Goals aren’t coming for Connor McDavid. He’s helping the Oilers more than ever

EDMONTON — Connor McDavid opted for humour when addressing his bizarre offensive run.

“I’ve decided I’m just going to see how many assists I can get,” he said. “That’s the focus. I’m not going to shoot the puck anymore. I’m not going to score any more goals.”

Then the Edmonton Oilers captain added a dose of realism.

“No, of course I want to score,” he said. “I want to produce. I want to help this team any way I can, and scoring goals is part of that.”

McDavid made the comments after Monday’s morning skate and before a matchup against the hated Los Angeles Kings — which the Oilers won 4-2 to snap a three-game winless skid.

Even though those initial comments were made in jest, McDavid was true to his word.

All he did was corral a loose puck in the Kings zone, curl toward the slot and set up Zach Hyman for an easy first-period goal.

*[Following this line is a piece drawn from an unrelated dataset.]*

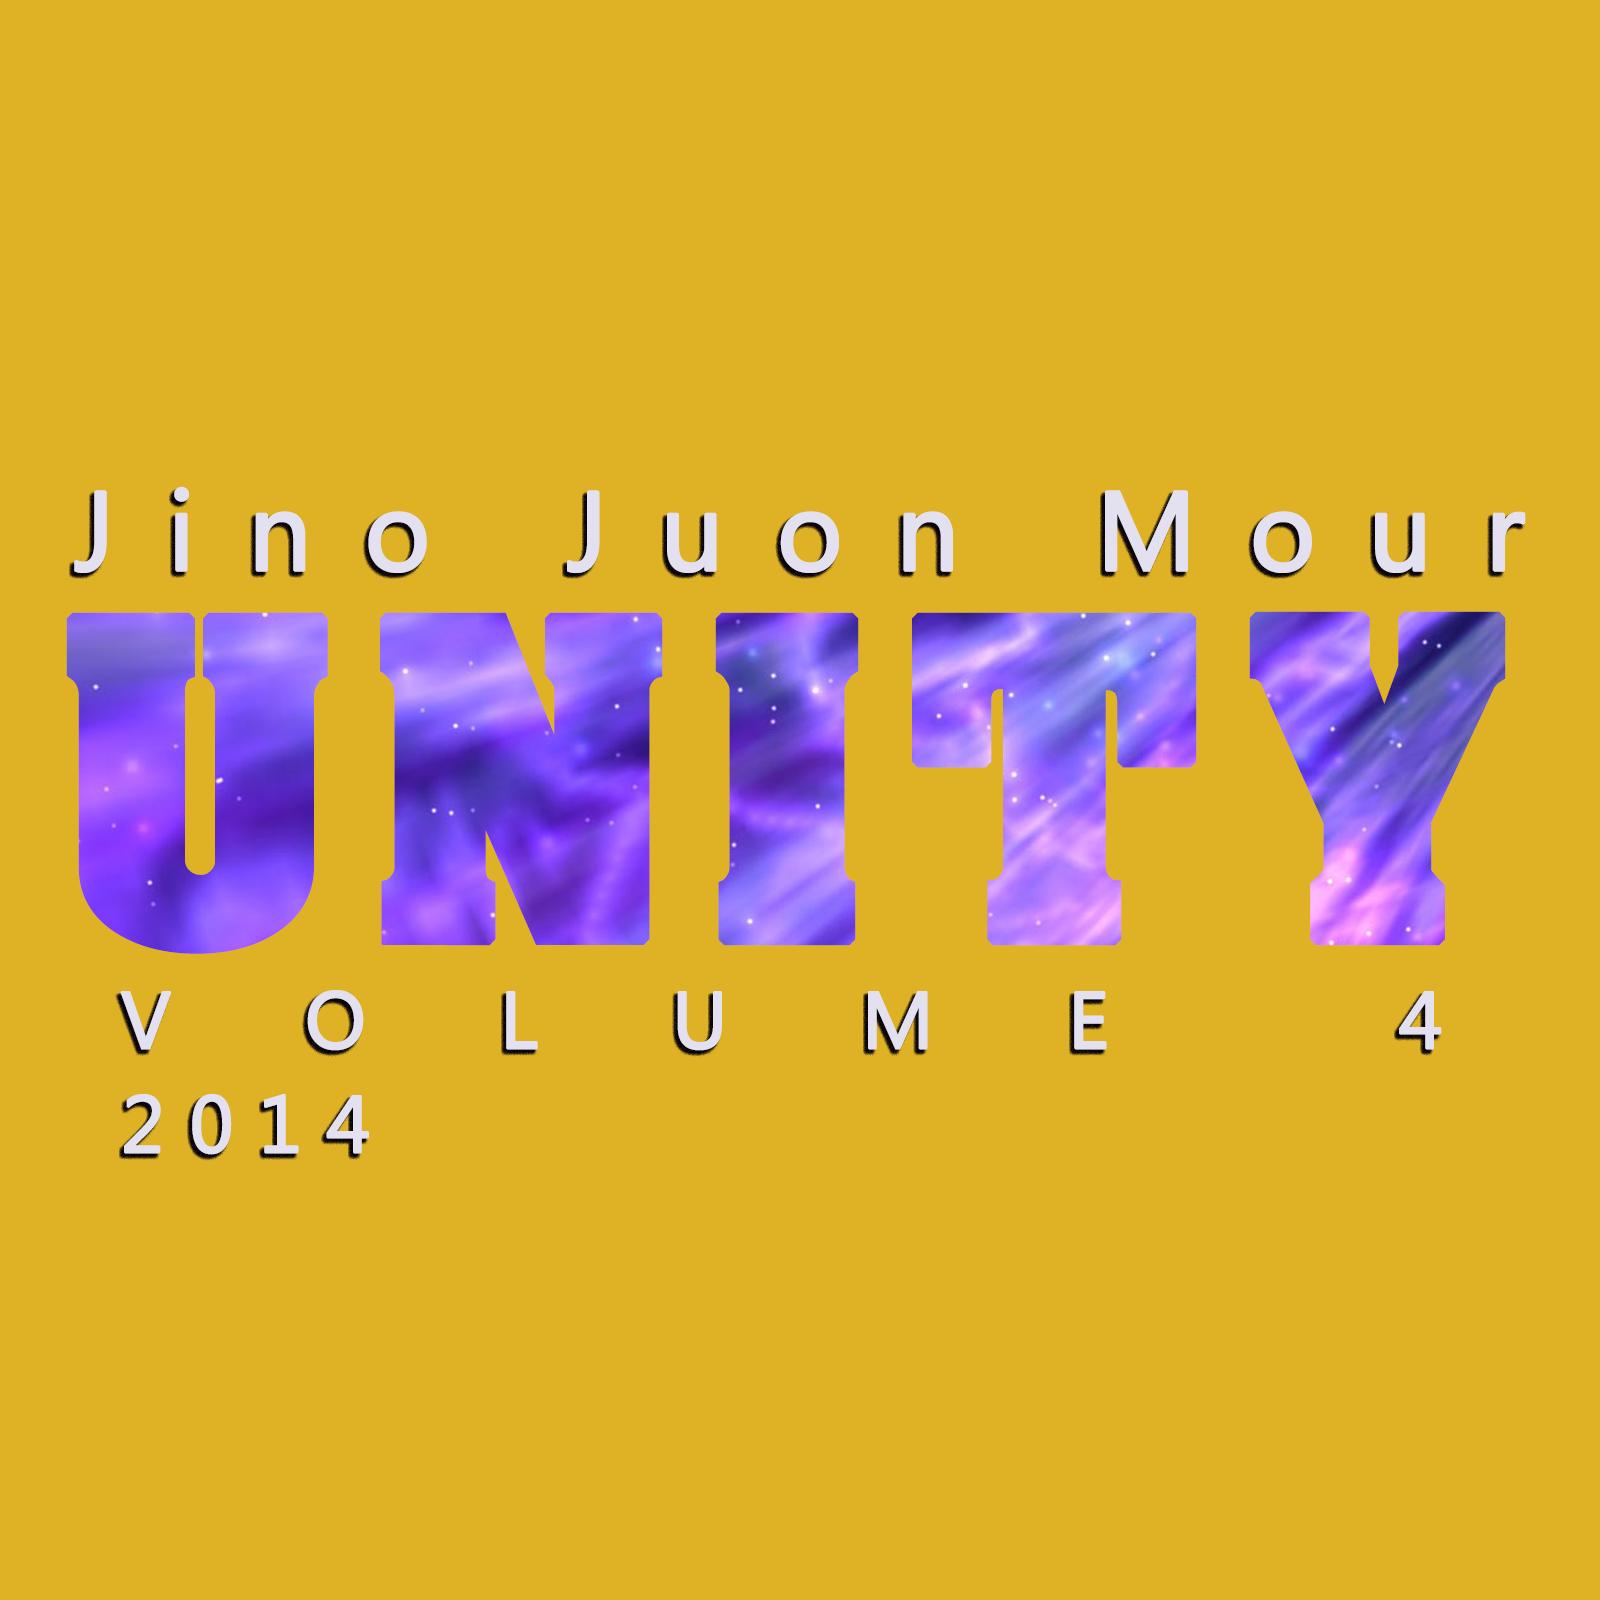 Art for Inaj Bed Iben Jema Ijo Ilan by Unity Vol 4

The assist extended McDavid’s point streak to eight games. He added a secondary helper on Evan Bouchard’s go-ahead goal in the third.

McDavid has 23 points in his last 10 contests, the type of production few can only dream of.

They’ve all been assists. He hasn’t scored a single time.

The stretch is quite the anomaly.

“I can’t put up finger on it why the goals haven’t come,” coach Kris Knoblauch said. “But with the amount of assists he’s had, he’s probably doing something well, too.”

“I saw that today and I thought that he had scored for sure,” defenceman Mattias Ekholm said. “He’s just that impactful anyway. It doesn’t really matter if he gets the goal or the assist.”

The zero in the goal column is a microcosm of his season to date.

McDavid hasn’t scored since Edmonton’s return from the All-Star break, a 3-1 loss in Las Vegas — which, oddly enough, gave him goals in four straight games.

The current drought matches the longest one in McDavid’s career. He also hit double digits from Oct. 30 to Nov. 17, 2016, his second season in the league.

McDavid scored 30 goals in 2016-17, the lowest total he’s had in a full NHL campaign.

With 21 goals in 54 games, he’s barely ahead of that pace. He’s on track for 31.

The drop-off this season has been stunning, particularly because of what he did last season.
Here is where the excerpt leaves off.